— AIM OF THE EXERCISE —
Beginning with the first line, return the material verbatim and without pictures.

— DATASET EXTRACT —

++++++++++++++++++++

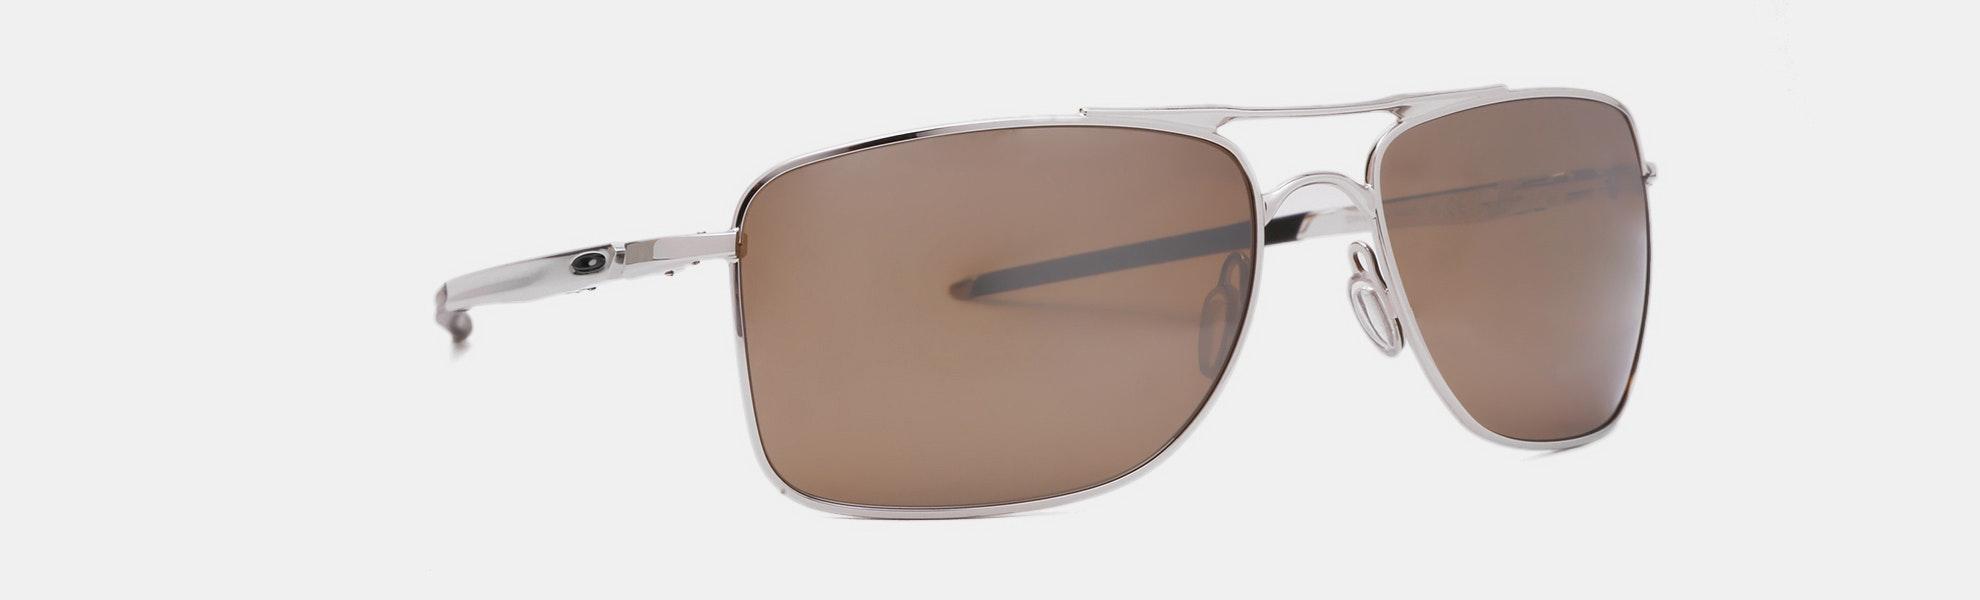 Oakley Gauge 8 L Polarized Sunglasses
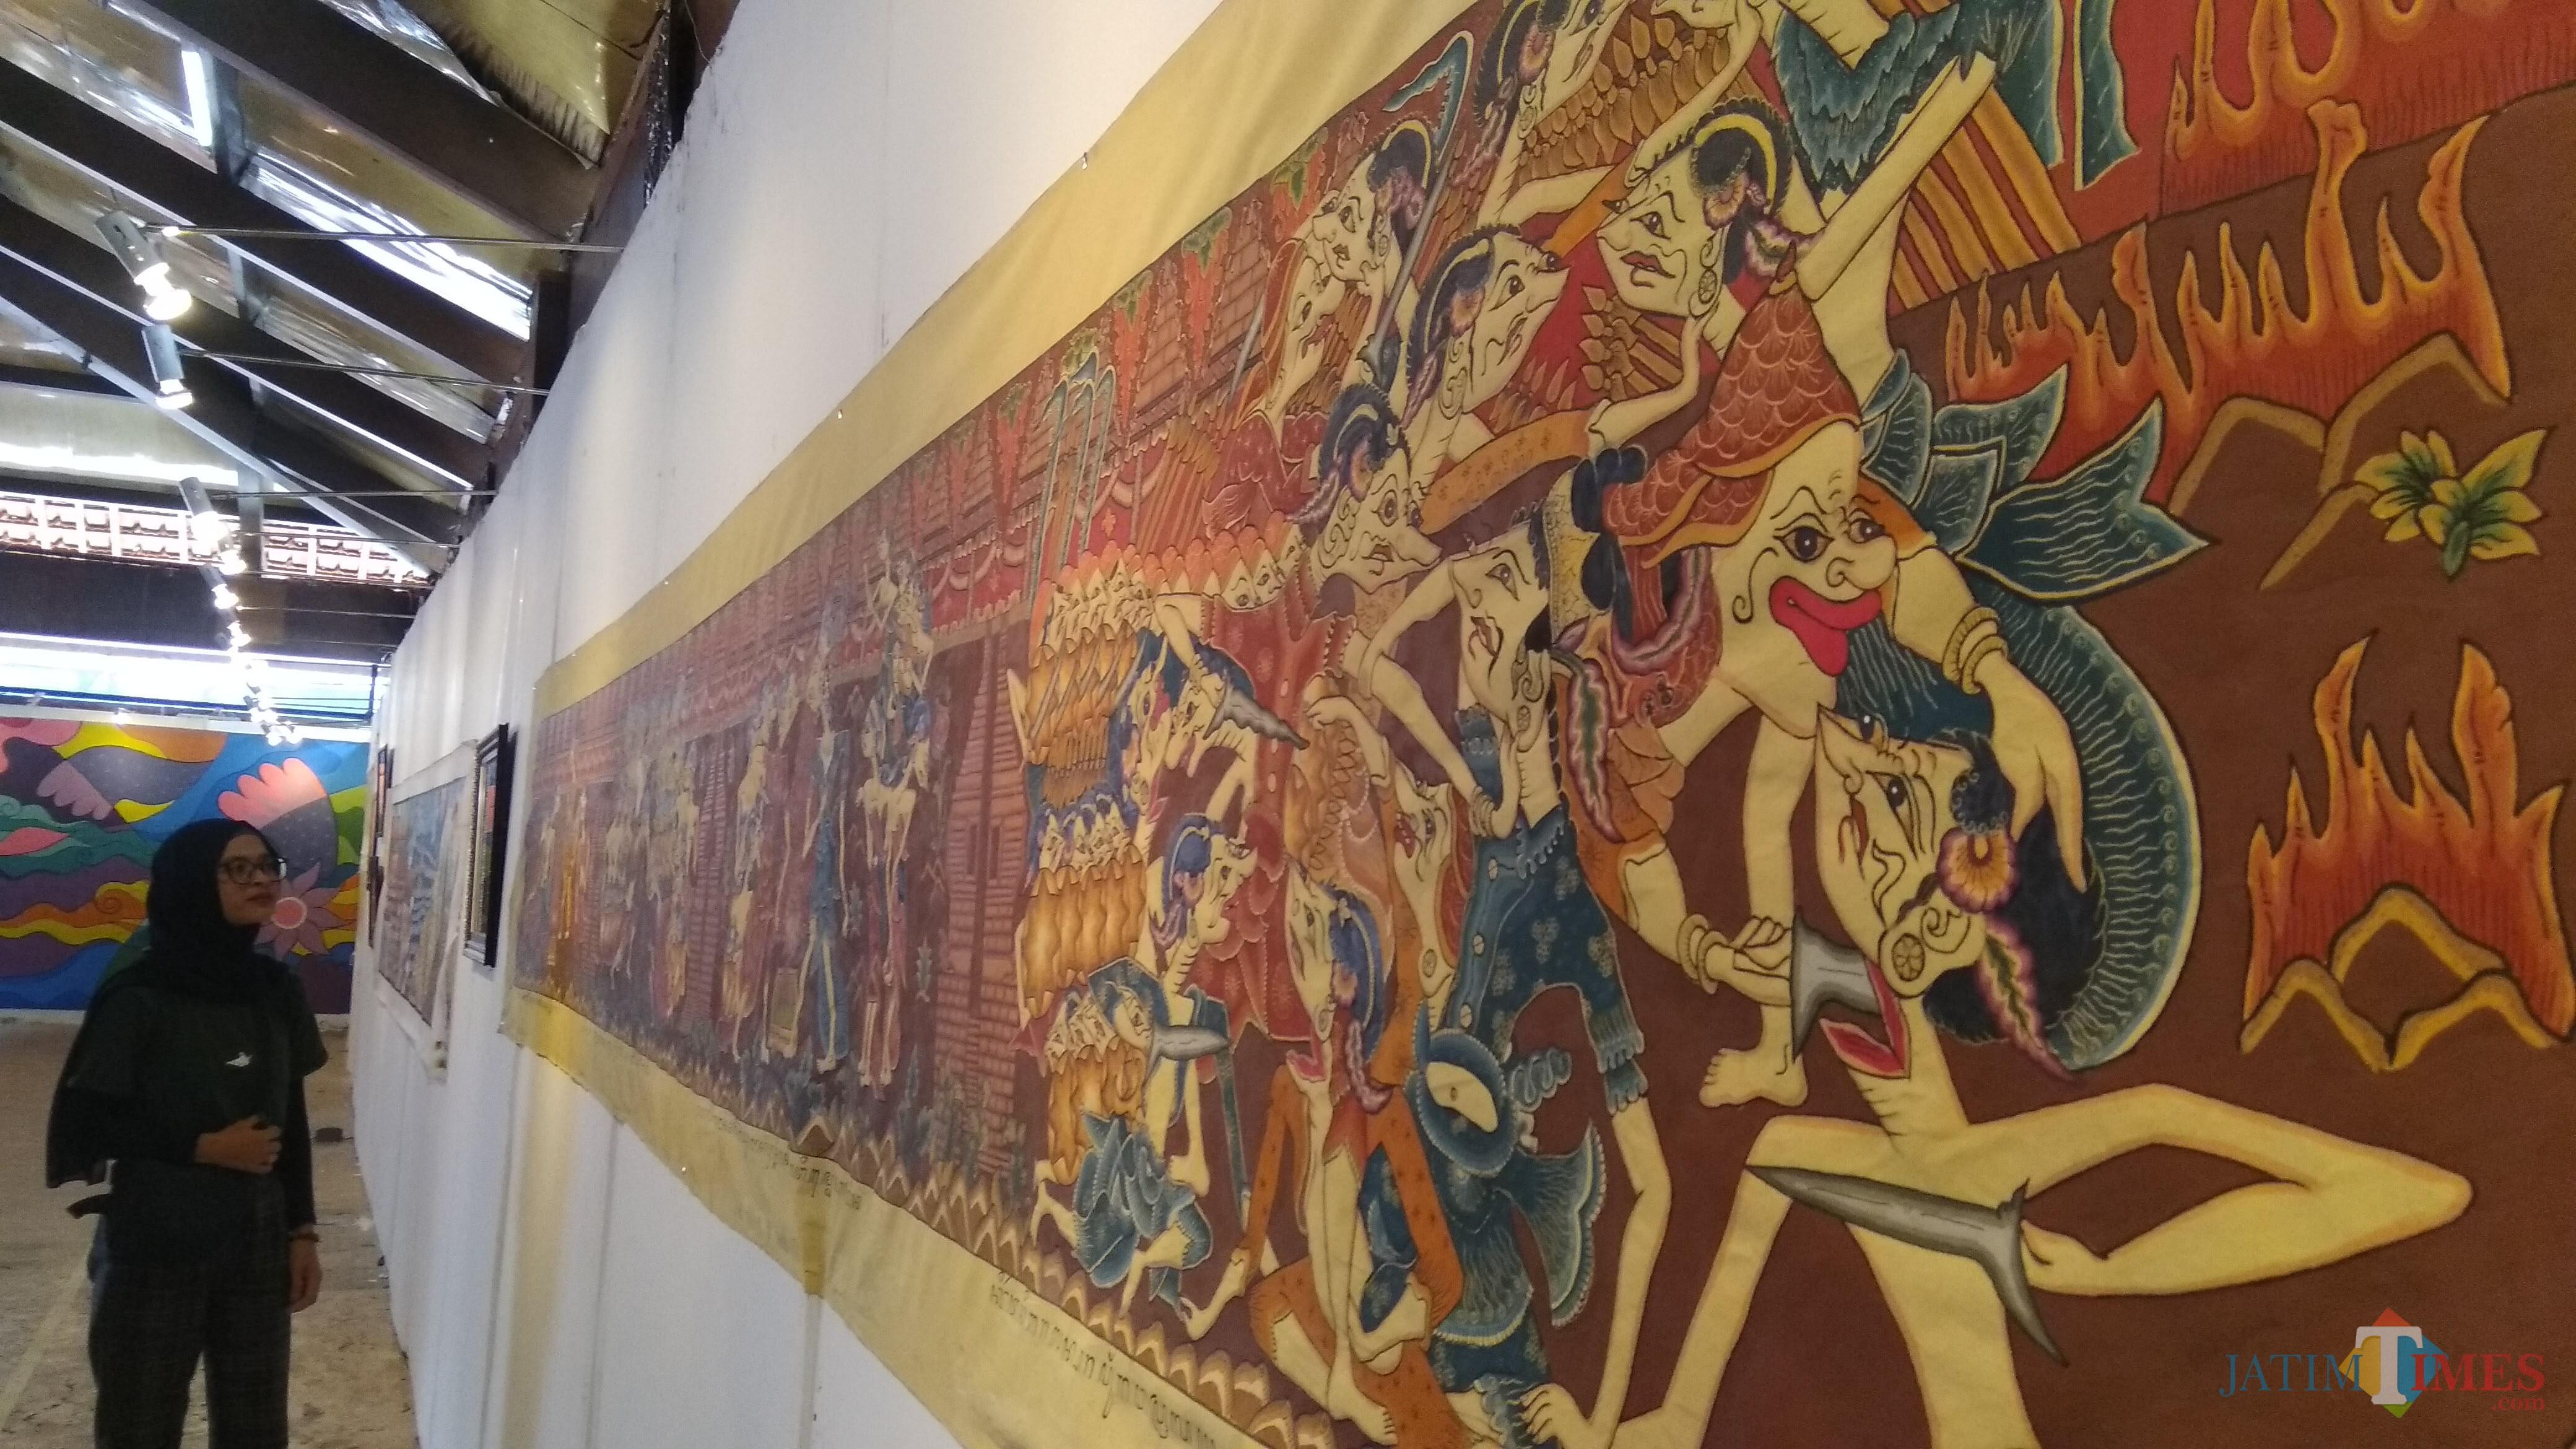 Dari Klasik Hingga Kontemporer Menilik Pameran Visual Budaya Panji Di Malang Malangtimes
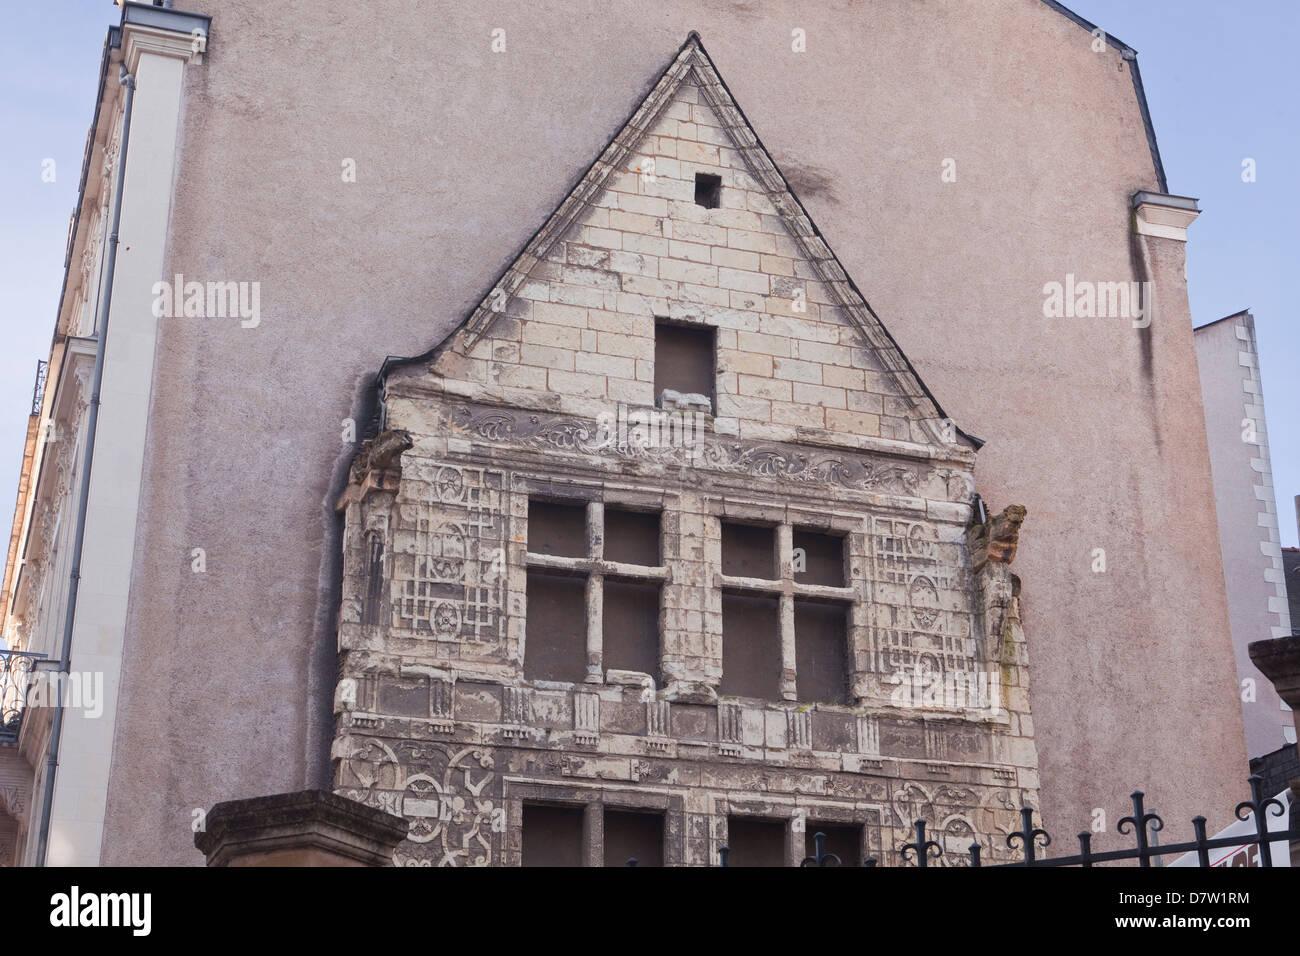 Parte del Logis Pince in Angers, Maine-et-Loire, Francia Immagini Stock

++++++++++++++++++++

— EXPECTED ANSWER —
 Oakley Gauge 8 L Polarized Sunglasses
 Dari Klasik Hingga Kontemporer Menilik Pameran Visual Budaya Panji Di Malang Malangtimes
 Parte del Logis Pince in Angers, Maine-et-Loire, Francia Immagini Stock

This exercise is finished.